# My wild Oscar



## msjinkzd (Mar 18, 2009)

Such a cantankerous fish, but I love him. He is in a 55g for now, still on the prowl for an affordable 75g for him. Just a couple shots:


----------



## josmoloco (Aug 23, 2008)

Beautiful, the 55g looks comfortabe though, at least for now......


----------



## BlackShark11k (Feb 16, 2007)

Nice oscar! He's gorgeous


----------



## msjinkzd (Mar 18, 2009)

yea, 55 seems ok for now, but i am still trying to find the 75 before the 55 is not comfy any longer. Thanks for the compliments! He used to be in the 120g until he went on a search and destroy mission of annihilating tankmates, sigh


----------



## heylady (Oct 14, 2004)

I love his markings!! :thumb: Your tank is gorgeous too (I can see the bits of plant stuck in the intake tube like you remarked in that other thread about oscars and plants!!), I love the look of live plants but with O's they just make it soooo difficult! :wink:


----------



## TheFishGuy (Apr 21, 2005)

Where's he from?


----------



## msjinkzd (Mar 18, 2009)

I honestly don't know, he was a gift from a friend.

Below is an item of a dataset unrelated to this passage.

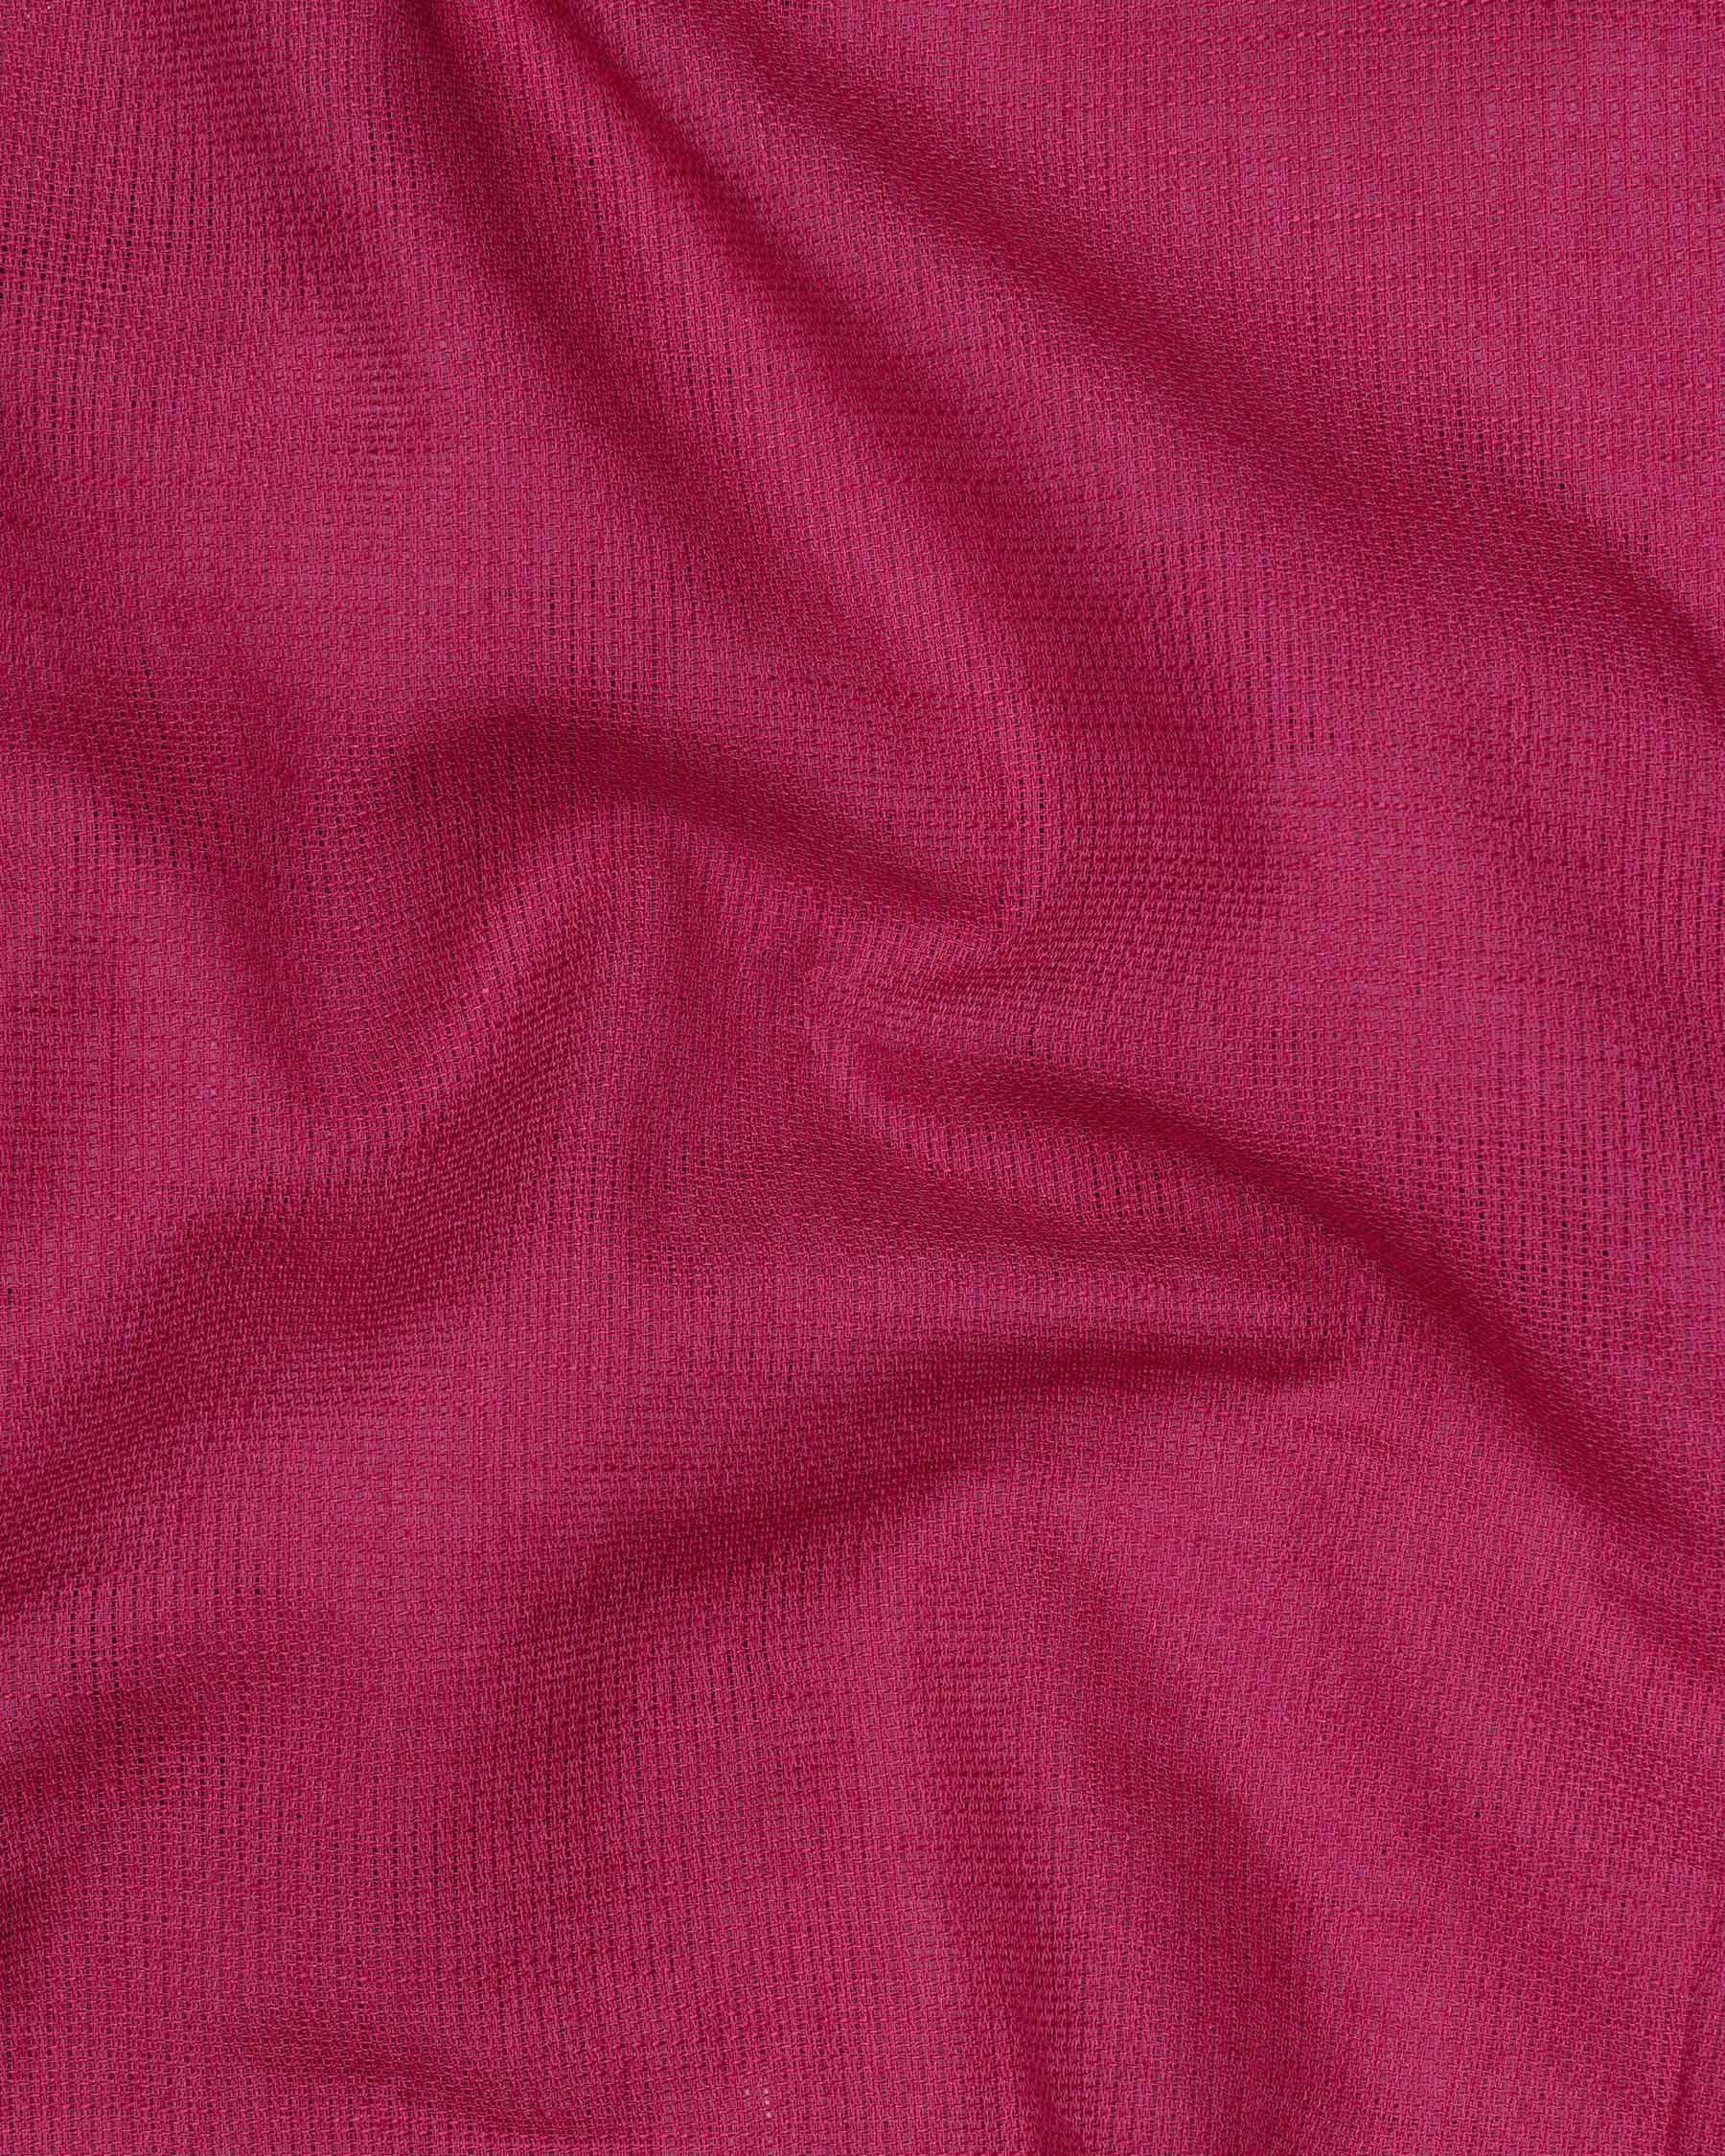 Mulberry Pink Dobby Textured Premium Giza Cotton Shirt 7841-BD-BLK-38, 7841-BD-BLK-H-38, 7841-BD-BLK-39, 7841-BD-BLK-H-39, 7841-BD-BLK-40, 7841-BD-BLK-H-40, 7841-BD-BLK-42, 7841-BD-BLK-H-42, 7841-BD-BLK-44, 7841-BD-BLK-H-44, 7841-BD-BLK-46, 7841-BD-BLK-H-46, 7841-BD-BLK-48, 7841-BD-BLK-H-48, 7841-BD-BLK-50, 7841-BD-BLK-H-50, 7841-BD-BLK-52, 7841-BD-BLK-H-52

I can try and find out though.


----------



## TheFishGuy (Apr 21, 2005)

Oscars vary from what part of south america they come from and from what river, just wondering is all  I'd like to have some from the wild some day... But I want to catch them myself!


----------



## msjinkzd (Mar 18, 2009)

I have asked before, but never got an answer. When i got the oscar, he was about 2 inches long. He has had a rough transition to tank life. He sulks very easily and will not eat for weeks at a time when he is angry, just lays sideways on the bottom of the tank. he has also killed several tank mates. He seems happiest solitary in his tank with no other fish visible, which was hard to do in a fishroom. We ended up making him a custom stand so that his tank sits above the others and he no longer sulks and eats pellets readily, lol. Spoiled fish!


----------